Conan Doyle’s lost 1st novel published

Sir Arthur Conan Doyle may have found everlasting literary fame as the creator of fictional detective Sherlock Holmes and his sidekick Dr Watson, but his lost first novel was published for the first time on Monday.
Sir Arthur, who shot to fame with his first Sherlock Holmes novel, A Study in Scarlet, in 1886, wrote his first novel between 1883 and 1884 when he was just 23 years old.
Sir Arthur, who had trained as a medical doctor, lost the manuscript of his first novel, The Narrative of John Smith, after he posted it to the publisher.

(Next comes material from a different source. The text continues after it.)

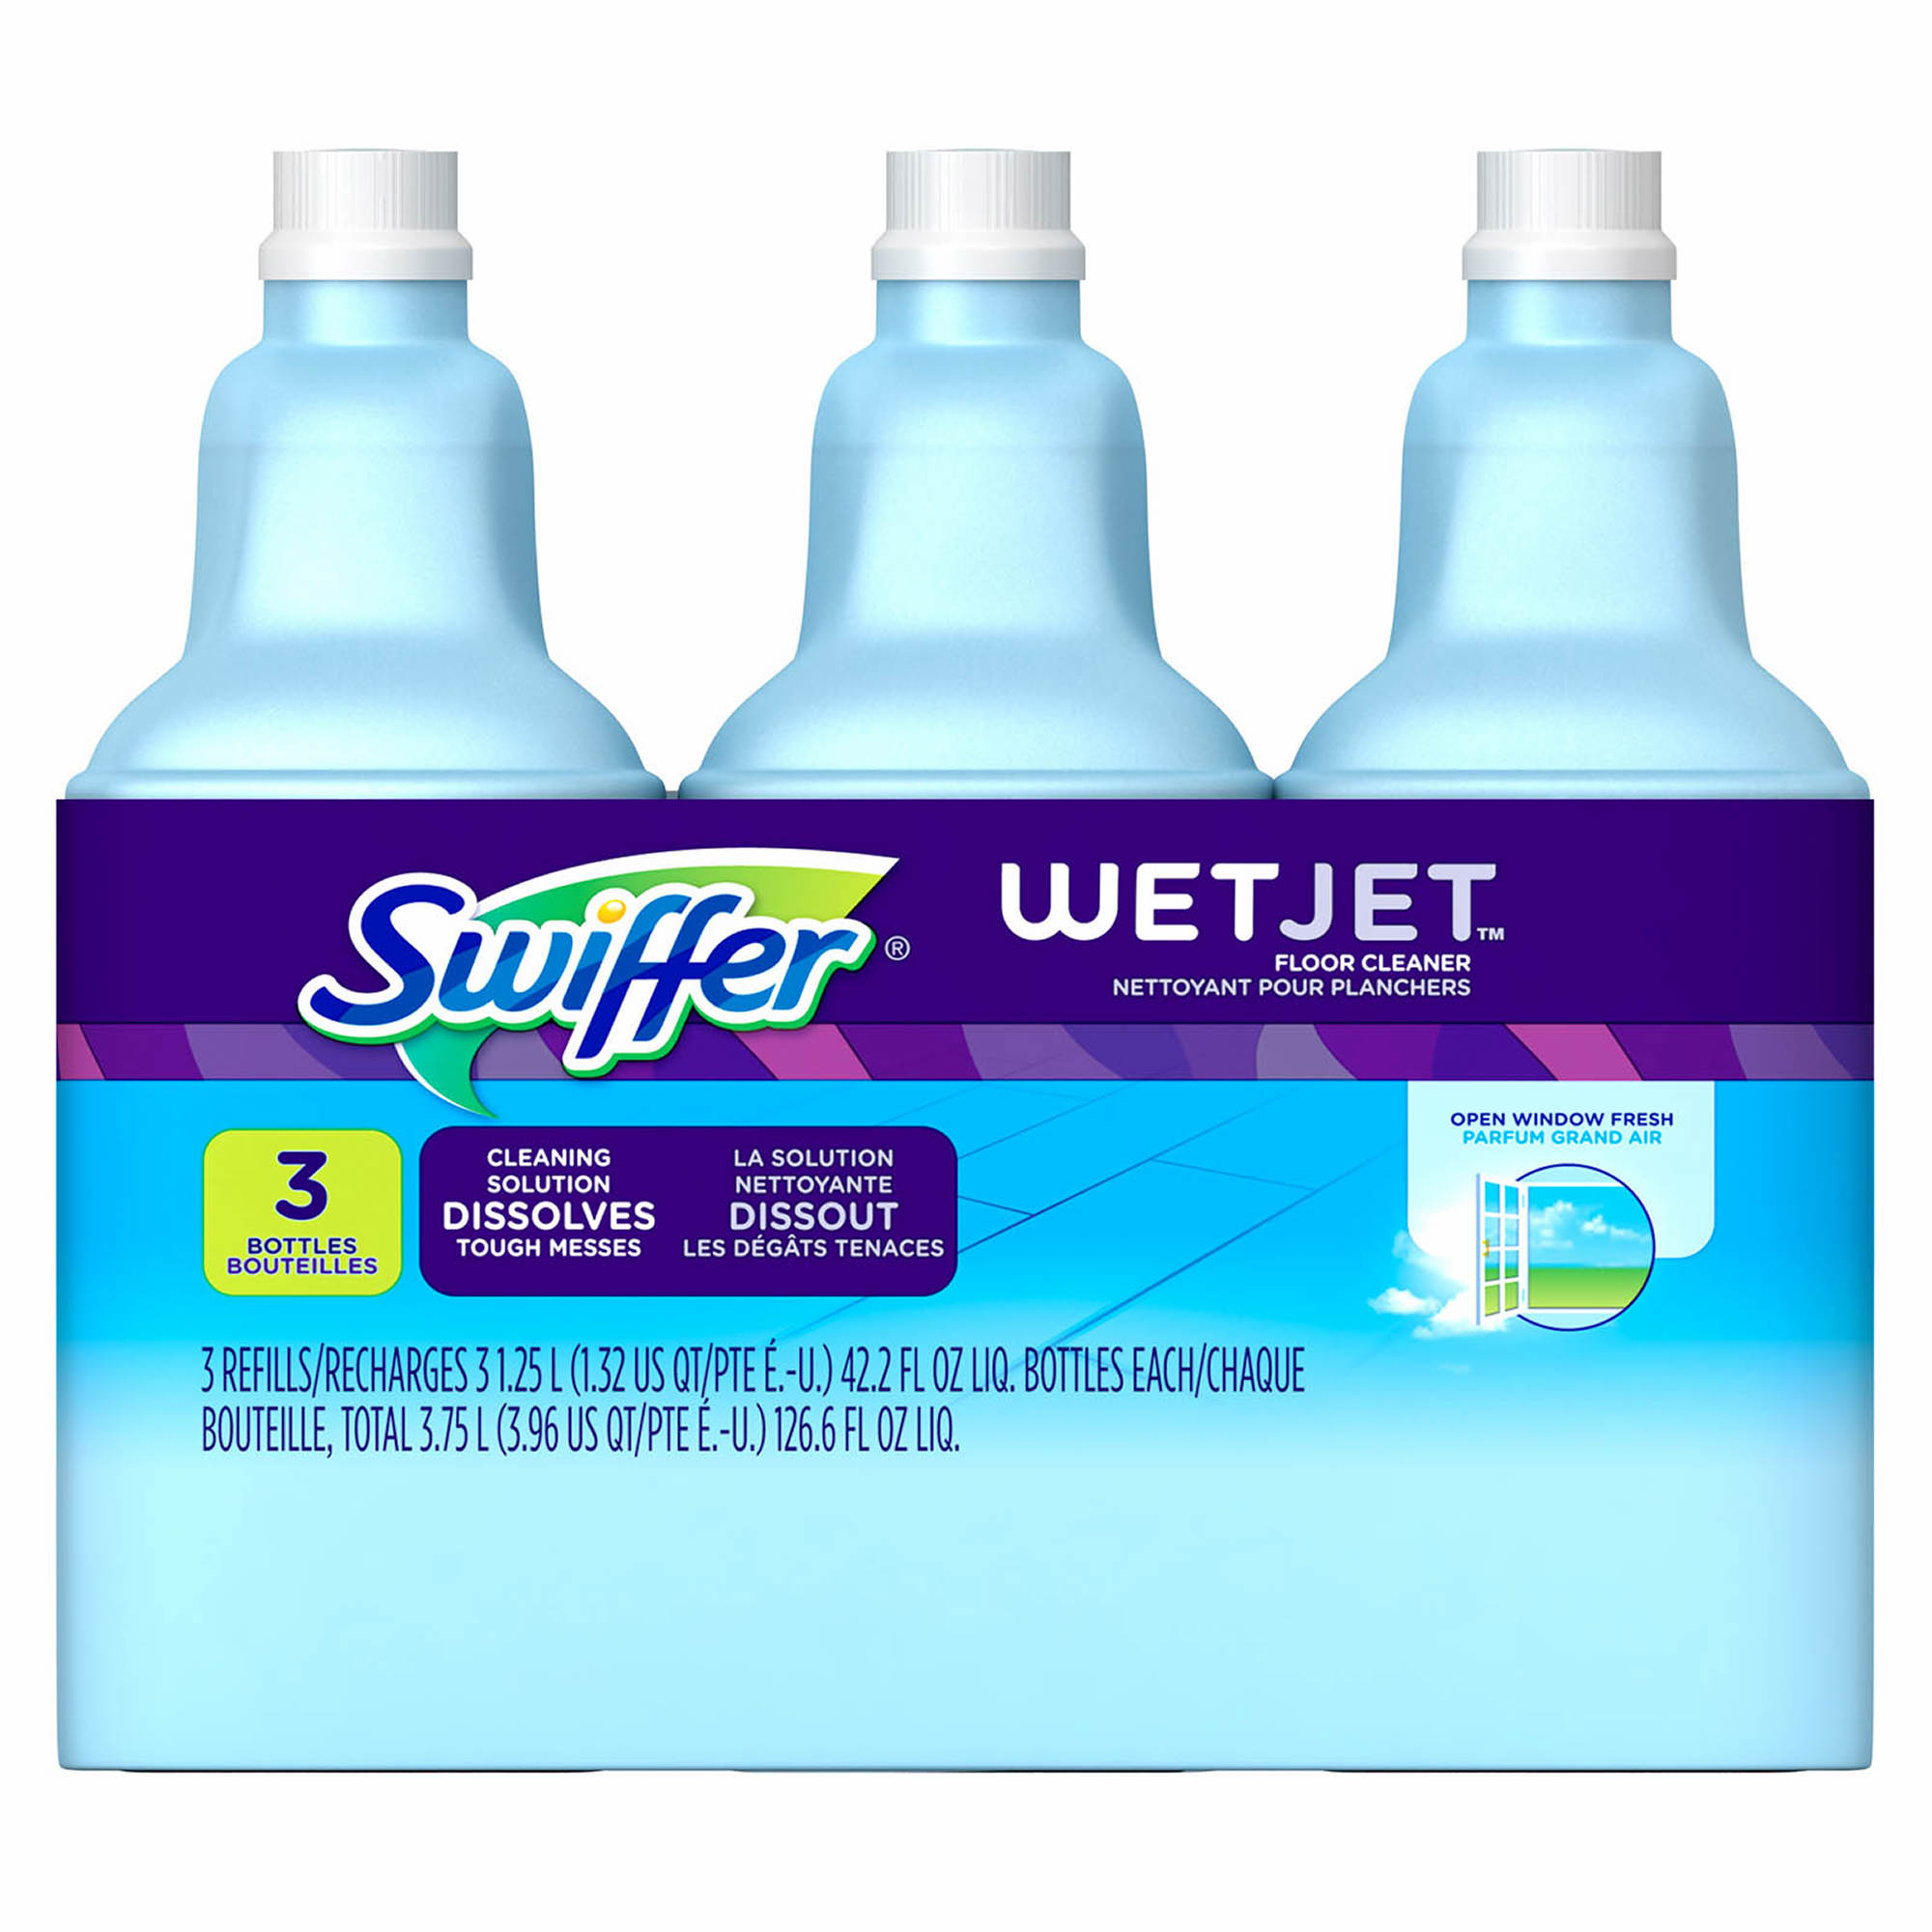 Swiffer WetJet Multi-Purpose Cleaner Solution Refill, Open Window Fresh Scent, 1.25L., 3 pk.

He then rewrote the novel from memory. “Although he continued to revise the text and drew on various passages from it in subsequent writings, Conan Doyle never re-submitted the novel for publication, later claiming in jest: ‘My shock at its disappearance would be as nothing to my horror if it were suddenly to appear again — in print,’” according to British Library, which published the manuscript on Monday.
Semi-autobiographical in nature, the novel focuses on John Smith’s period of confinement in his room during an attack of gout. The novel is essentially a series of reflections and conversations with his doctor, friends and other visitors concerning a range of contemporary debates on literature, science, religion, war and politics.
Several ideas and incidents in the novel anticipate the Sherlock Holmes stories like Smith’s garrulous landlady, Mrs Rundle, seems to be a precursor of Martha Hudson, Sherlock Holmes’s housekeeper at 221B Baker Street, a fictional London address.

It is “fortunate that he kept the manuscript, and provided us with a unique window into the mind, thinking, and often emphatic opinions of a young man who in just another year or so would create literature’s best known character, Sherlock Holmes,” Jon Lellenberg, representative of the Conan Doyle Estate and co-editor of the novel said.